Saturday, September 29, 2007

Bergman on Bergman




YouTube has a 4-parter of Jorn Donner's 1998 interview with Ingmar Bergman.

When Bergman died I became intrigued by Faro, as it was so important to him, and here, there are some glimpses which you can't really find elsewhere.

It is not just head-to-head: there are biographical pieces, including family stills, and longish chunk of the 10 nerve-shattering thwacks scene in Fanny and Alexander. Donner, Finnish, is a director in is own right, was the producer of FaA. This goes a long way to explain the intimacy of the interview. They must have been friends.
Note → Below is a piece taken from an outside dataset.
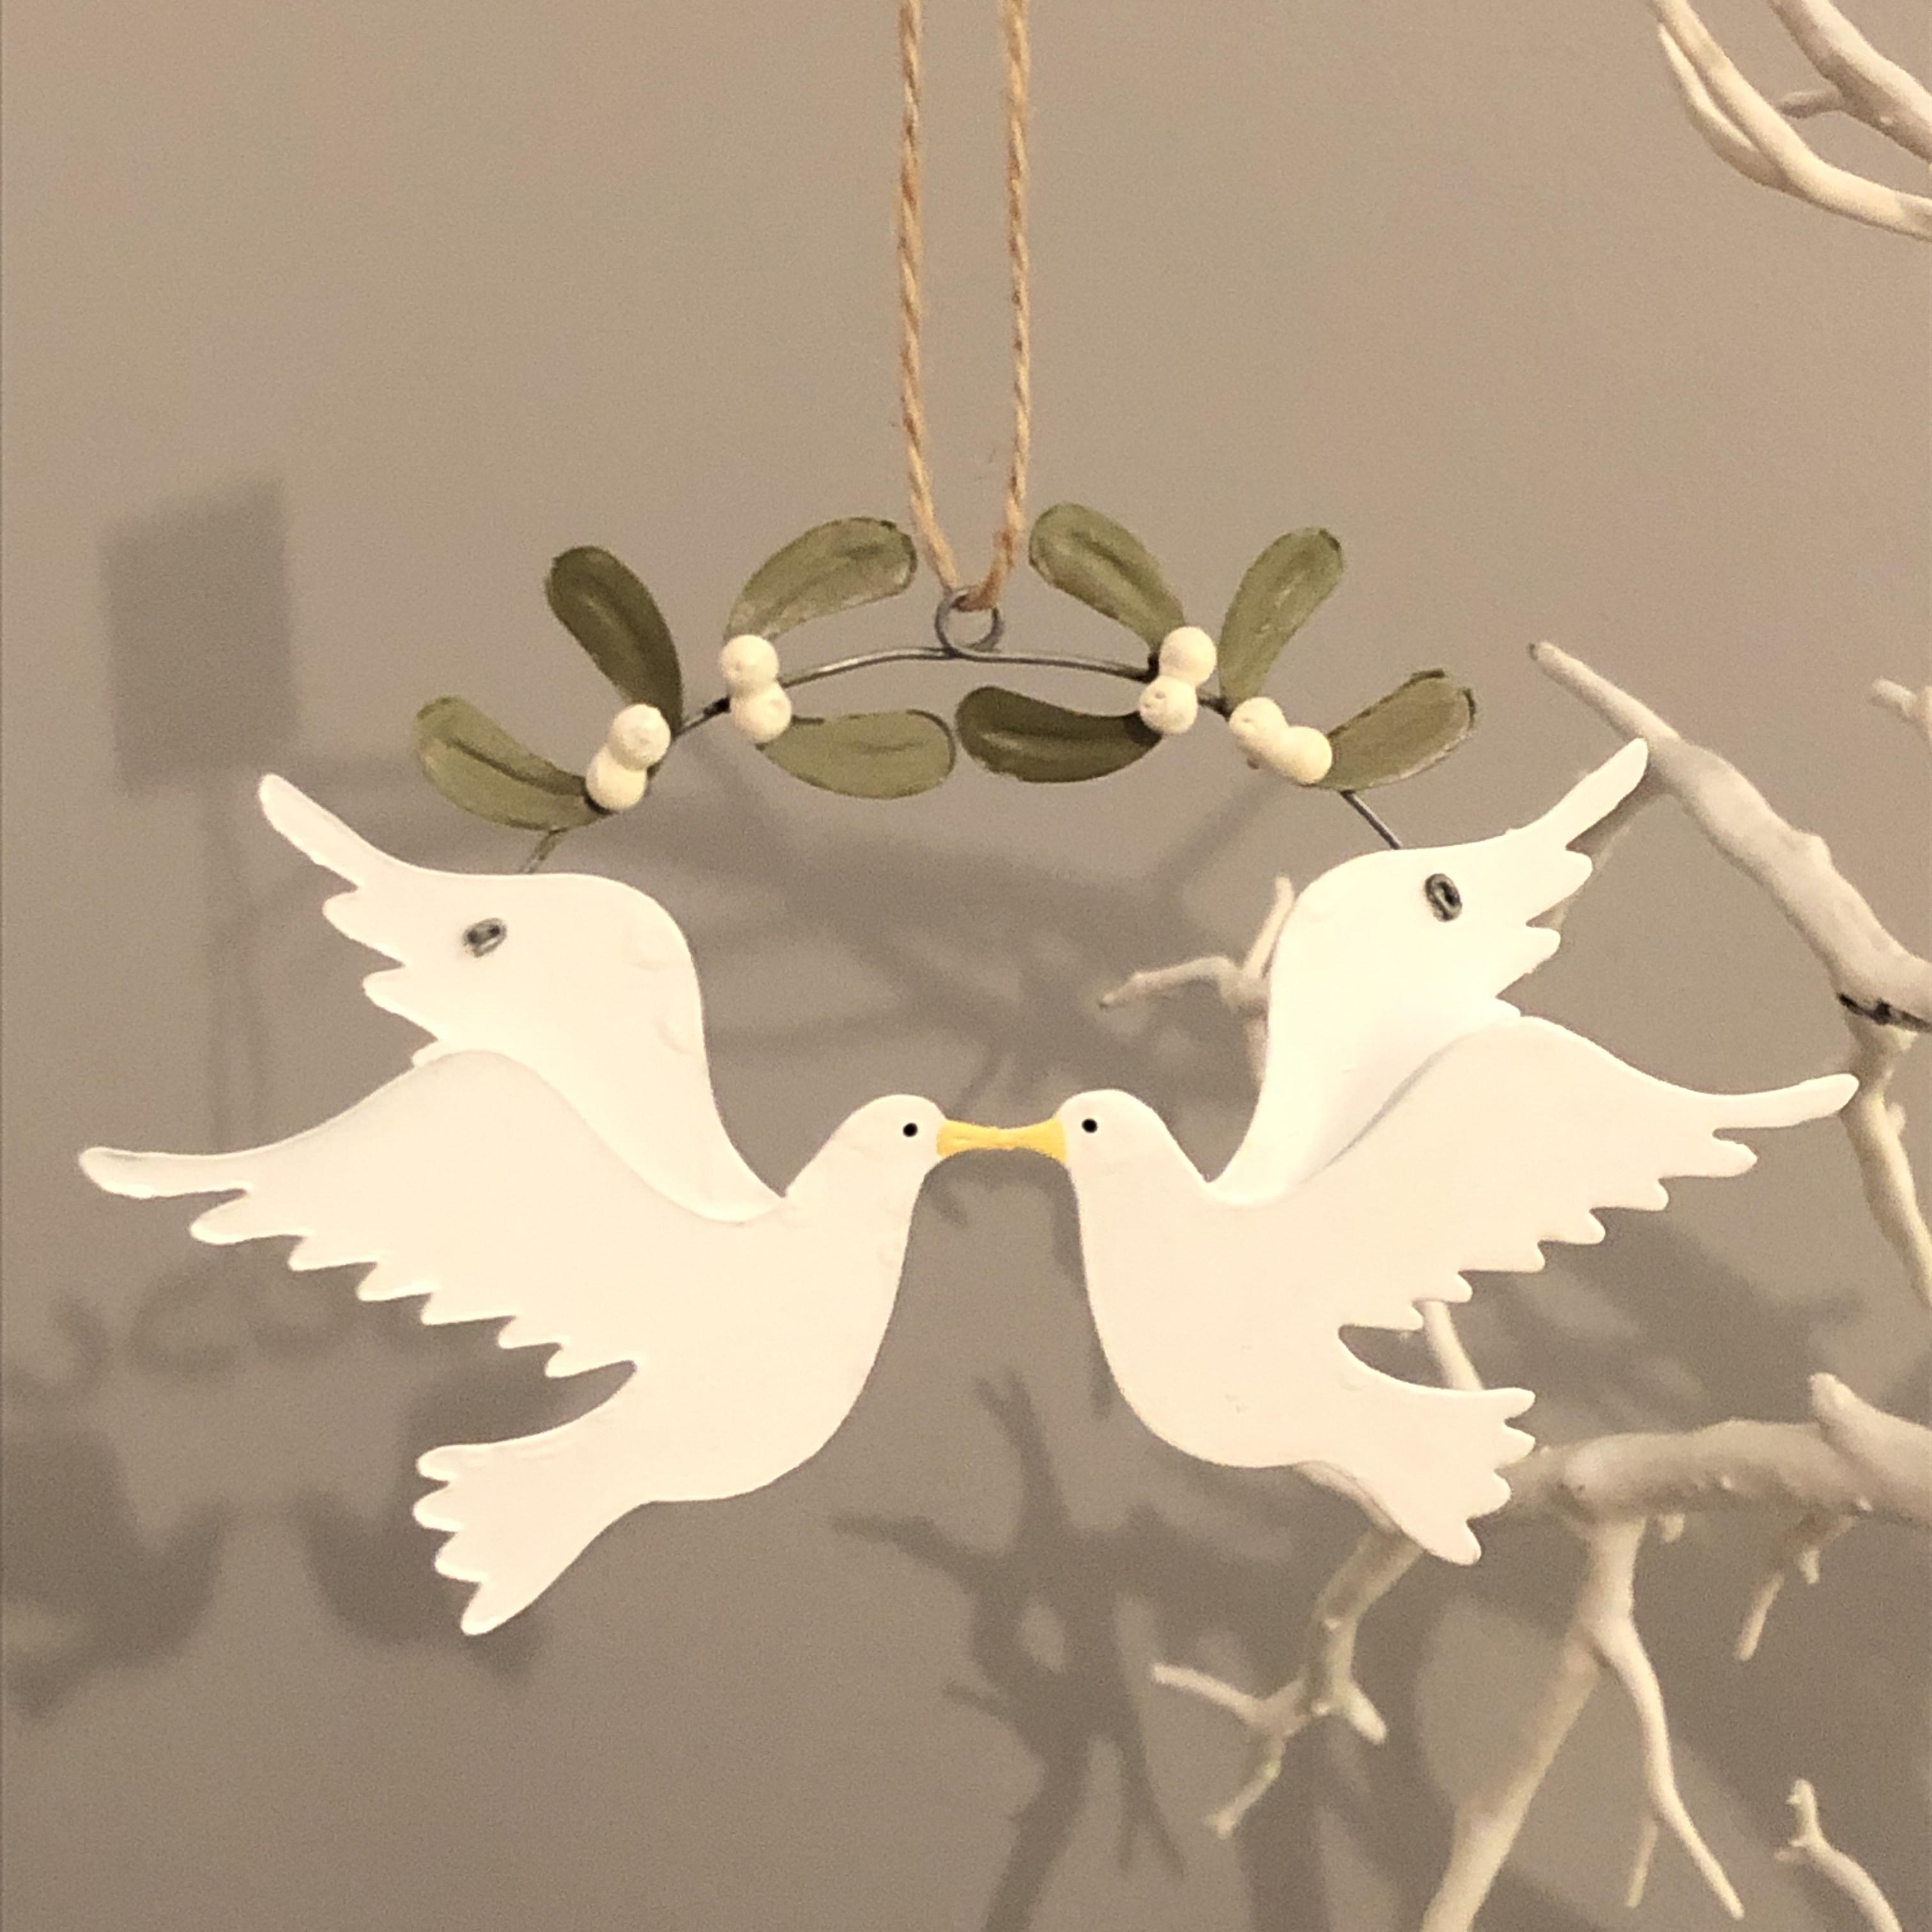 Dove couple under the mistletoe hanging decoration by shoeless joe

Friday, September 21, 2007

Ibsen - discovery or rediscovery?




A Virtual Walk in the Spirit of Ibsen


Came across this at Grow-a Brain

Ibsen.net explains

Also from the same source: The Infamous Proust Questionnaire




Saturday, September 08, 2007

Cutting remarks


The poor rubbish man must wonder what is in the recycle bin. For several weeks it has weighed a ton, full to the top with news print and old mags: the latest cuttings cull goes on unabated. So many of them were put in lidded cardboard boxes unsorted, so are of limited value. The occasional scratching about in boxes to try to dump at least half the newsprint that has accumulated over the years often brings up something that would otherwise have lain there unread or unreread and forgotten. I do not read in blogs of peoples cuttings problems. An undated colour supplement review by Lucy Hughes-Hallet in The Sunday Times of Marcel Proust: A Life by William C Carter and Roger Shattuck's' Proust's Way: A Field Guide to In Search of Lost Time, has a few sentences tucked away near the end which are informative:
“Shattuck writes illuminatingly about the doubleness of Proust's vision. The “I” of A la researche is both the young and the mature narrator, the two merging only in the book's last pages. Shattuck takes off from his description of this two-tiered narration to discuss the purpose of all fiction, which both mimics life and provides a template that life can seem to mimic [...].”
In the same cardboard box a wonderful, short, 2000 review by Jonathan Bate of Nabokov's Butterflies: Unpublished and Uncollected Writings. He tells us there are few who would want or need to plod through this 783 page book from beginning to end; recommends Lolita and Pnin as “two of the very few novels of the second half of the 20th. century which deserve to go on being read throughout the 21st.” ; and points out “The key connection between Nabokov's two loves was his fascination with mimicry and disguise.” He quotes Nabokov: "Consider the trick of an acrobatic caterpillar (of the Lobster Moth) which in infancy looks like bird's dung, but after moulting develops scabby hymenopteroid appendages and baroque characteristics, allowing the extraordinary fellow to play two parts at once (like the actor in Oriental shows who becomes a pair of intertwining wrestlers): that of writhing larva and that of a big ant seemingly harrowing it." “Here”, Bate writes, “he discovers in nature the same delights that he sort in art. "Both'" he [Nabokov] says, " were a form of magic, both were a game of intricate enchantment and deception. " Nabokov is reported to have asked if there is “a high ridge where the mountainside of scientific knowledge joins the opposite slope of imagination?” Bate notices a misspelling which has slipped through: on the jacket he spies one of the authors is credited with being “the author of six books on butterlies”, a blunder which he thinks Nabokov would have relished.